Zar zor algılanan yol çizgileri, ufuk çizgisine doğru her ne

kadar kısalsa da, bana doğru bir o kadar hızla uzuyordu… Aracın

radyosundaki cızırtılar kulağımda ve alacakaranlığın gözlerimi

kamaştıran griliğine, mavilik kahpelik yaparak eşlik ediyordu…

Arka koltuktaki yayıntının edepsizliği de sebepsiz değil.

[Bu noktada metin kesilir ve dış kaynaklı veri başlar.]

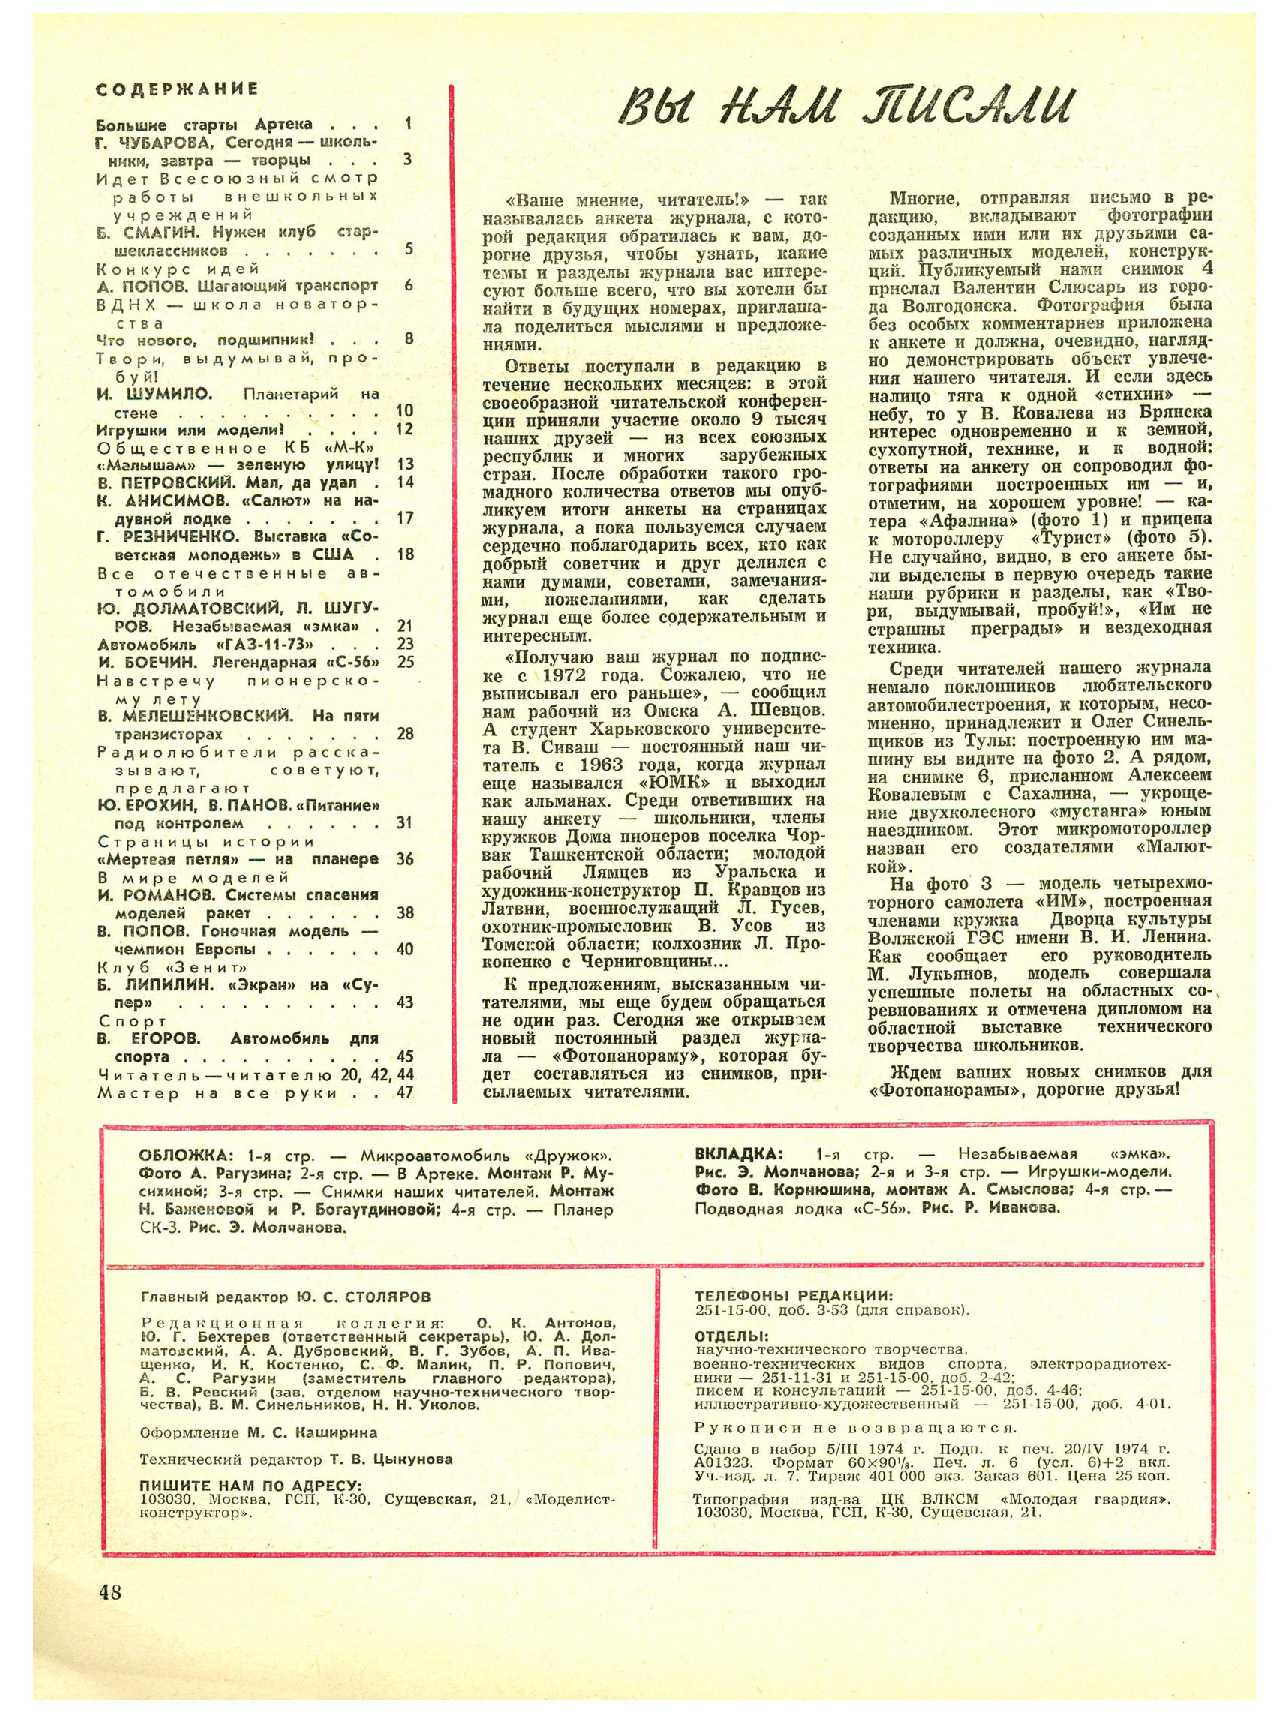 МК 5, 1974, 48 c.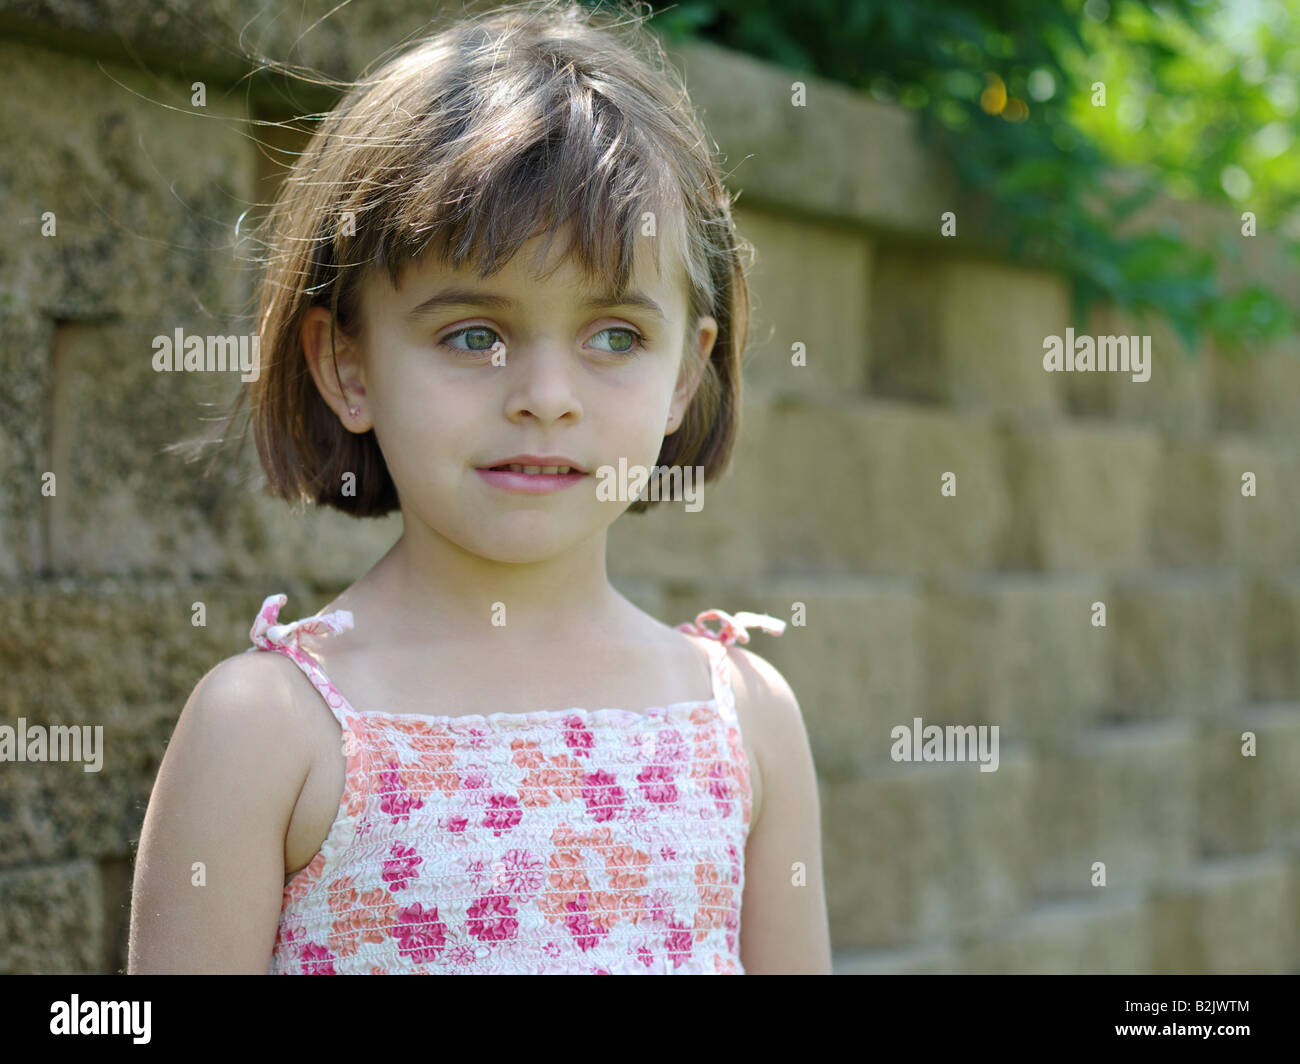 Fille de 5 ans Banque de photographies et d'images à haute résolution -  Alamy

Konserve hatta poşetlenmiş mamalar, eski battaniyeler, tıbbi

malzemelerle dolu bir karmaşa… Öngörümün önünde, henüz hayali tam

oluşmamış ve de toplumun dışladığı insanların; sokaklarda hayat

ve ekmek arayan travesti ve transseksüellerin yaptırdığı Ankara

Gölbaşı Hayvan barınağı…

Ha ha ha...

Evet işte size eşit yaşam hakları…

Sadece gölgeler değil ki uzayıp giden. Kısalan ve kaybolan

hayatlarda göz önünde… Ha sokak kadınları ve adamları, ha sokak

hayvanları. Ne fark ederdi ki, bu ülkede… Nasılsa artık sosyete

pazarının yerini alamazdı can pazarı, bariz neticede…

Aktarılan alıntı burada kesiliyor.